Modifying Relationships
There is no “primary key” in a graph
Graph databases do not use primary keys like SQL tables do.
Each node has an internal ID, but it is not stable and should not be used as a functional identifier.
Instead, you can define a property as unique using a constraint:
CREATE CONSTRAINT person_name_unique
FOR (p:Person)
REQUIRE p.name IS UNIQUE;
This ensures that every Person node has a unique name value — effectively acting as a primary key.
Creating, updating and merging relationships
In Cypher, relationships can be created, updated, or merged just like nodes.
When modifying data, it is important to understand the difference between
CREATE, MATCH, and MERGE.
Creating new relationships
CREATE always creates something new — even if an identical relationship already exists.
MATCH (a:Person {name: "Alice"})
MATCH (b:Person {name: "Bob"})
CREATE (a)-[:FOLLOWS]->(b);
This command creates a new FOLLOWS relationship from Alice to Bob.
If such a relationship already exists, Cypher will create another one.
Matching existing relationships
MATCH only finds relationships that already exist.
It does not create or modify data.
MATCH (a:Person {name: "Alice"})-[r:FOLLOWS]->(b:Person {name: "Bob"})
RETURN r;
If no relationship exists between Alice and Bob, this query simply returns nothing.
Merging data safely
MERGE is a powerful command that combines the logic of MATCH and CREATE.
If the specified pattern exists, Neo4j reuses it; if not, it creates it.
This makes MERGE ideal for importing data or avoiding duplicates.
MATCH (a:Person {name: "Alice"})
MATCH (b:Person {name: "Bob"})
MERGE (a)-[:FOLLOWS]->(b);
If the FOLLOWS relationship already exists, it will not be created again.
If it does not exist, Neo4j will create it once.
Using MERGE with ON CREATE and ON MATCH
MERGE can also execute different actions depending on whether a pattern
was newly created or already existed.
MERGE (a:Person {name: "Alice"})
ON CREATE SET a.created_at = date()
ON MATCH SET a.last_seen = date();
Explanation:
ON CREATEruns only if the node is new.ON MATCHruns only if the node already existed.
This is useful for logging, synchronisation, or incremental data imports.

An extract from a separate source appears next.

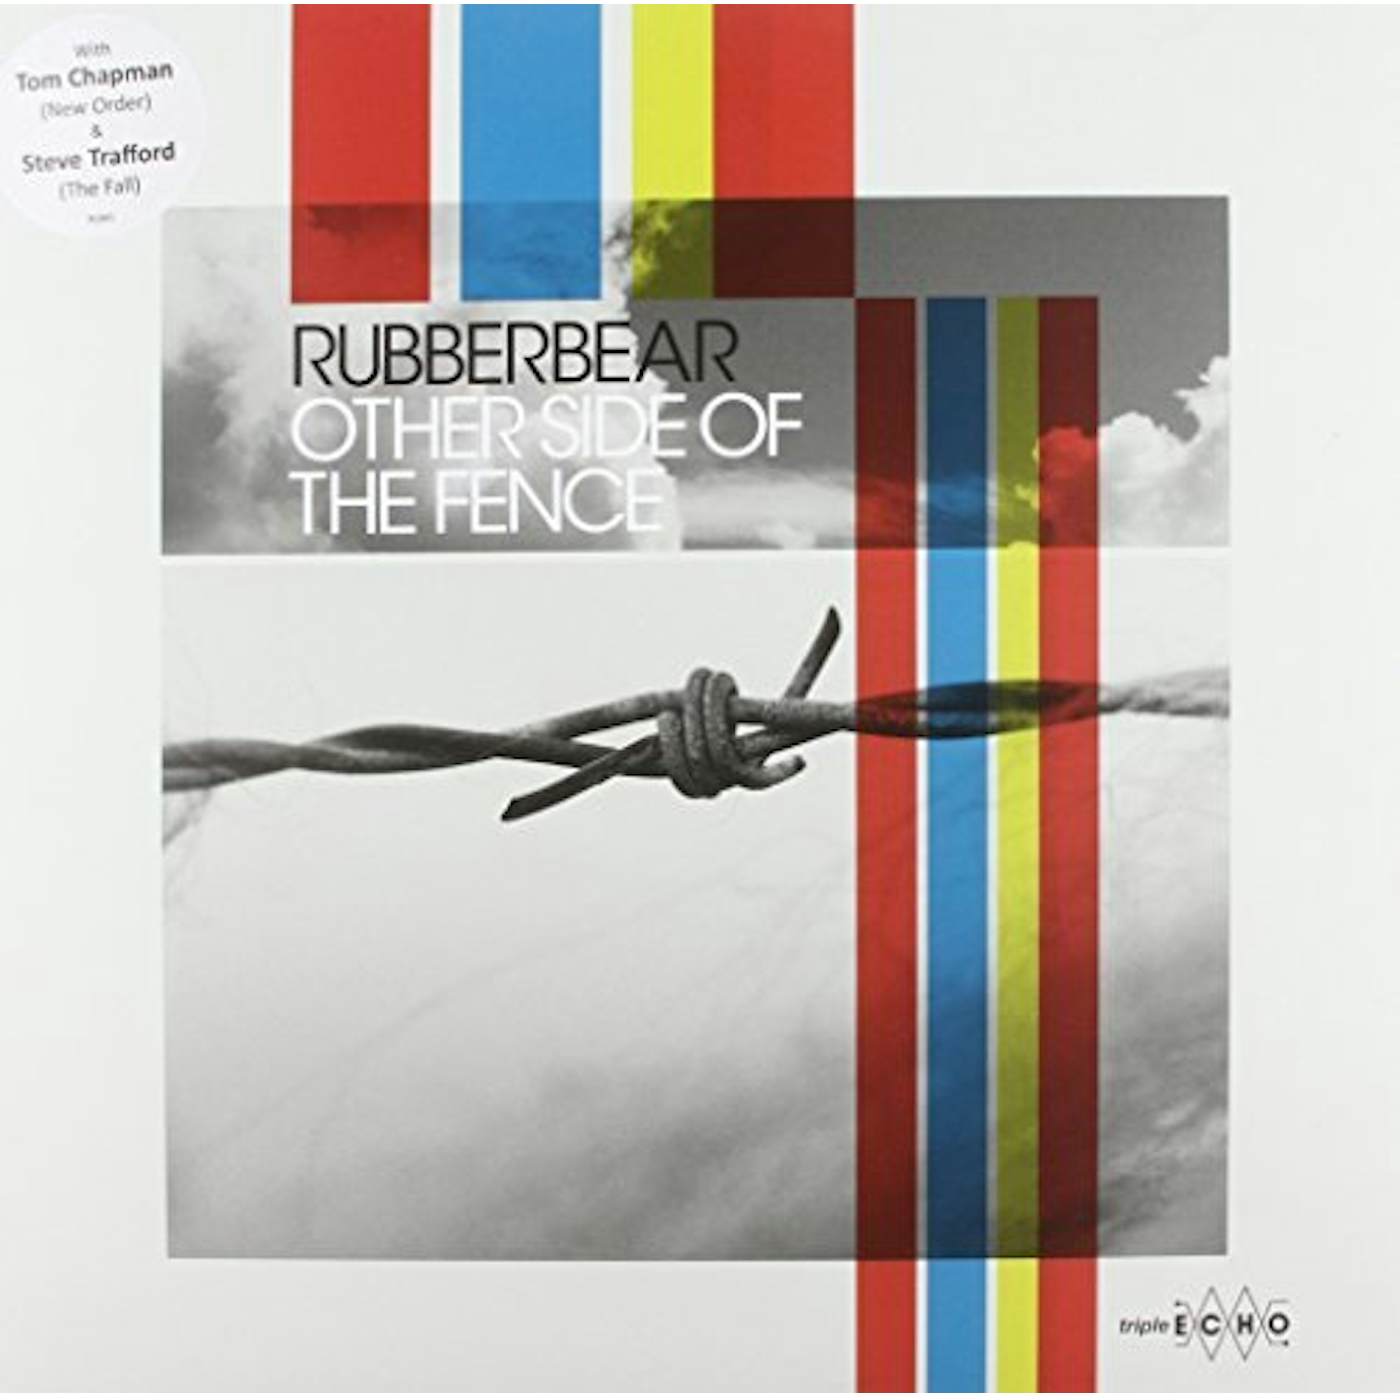 Rubberbear Other Side Of The Fence Vinyl Record

Merging relationships with properties
You can also use MERGE for relationships and set properties when they are first created.
MATCH (a:Person {name: "Alice"}), (b:Person {name: "Bob"})
MERGE (a)-[r:FOLLOWS]->(b)
ON CREATE SET r.since = date("2025-01-01");
If the FOLLOWS relationship did not exist, it is created and timestamped.
If it already existed, no duplicate is made.
Merging on composite keys
Neo4j does not use composite primary keys, but you can simulate them with MERGE
by combining multiple properties in the same pattern.
MERGE (p:Purchase {order_id: 101, product_id: 55})
ON CREATE SET p.created_at = datetime();
This prevents duplicate records for the same (order_id, product_id) pair.
It is especially useful when importing transactional or event data.
Summary
| Command | Behaviour | When to use |
|---|---|---|
CREATE | Always creates a new node or relationship | When duplicates are acceptable |
MATCH | Only finds existing patterns | For reading or updating existing data |
MERGE | Finds or creates a pattern | For safe imports or idempotent updates |
Optional Visualization
graph TD
subgraph Actions
A[CREATE] -->|Always creates| X1((🔗 Relationship))
B[MATCH] -->|Finds existing only| X2((🔗 Relationship))
C[MERGE] -->|Creates if missing| X3((🔗 Relationship))
end
Explanation:
CREATE adds data blindly, MATCH only reads existing data, and MERGE intelligently decides whether to create or reuse existing elements.
🧠 Question:
Add a FOLLOWS relationship between Alice and Diana, but only if it does not already exist.
If it is created, set the property since to today’s date.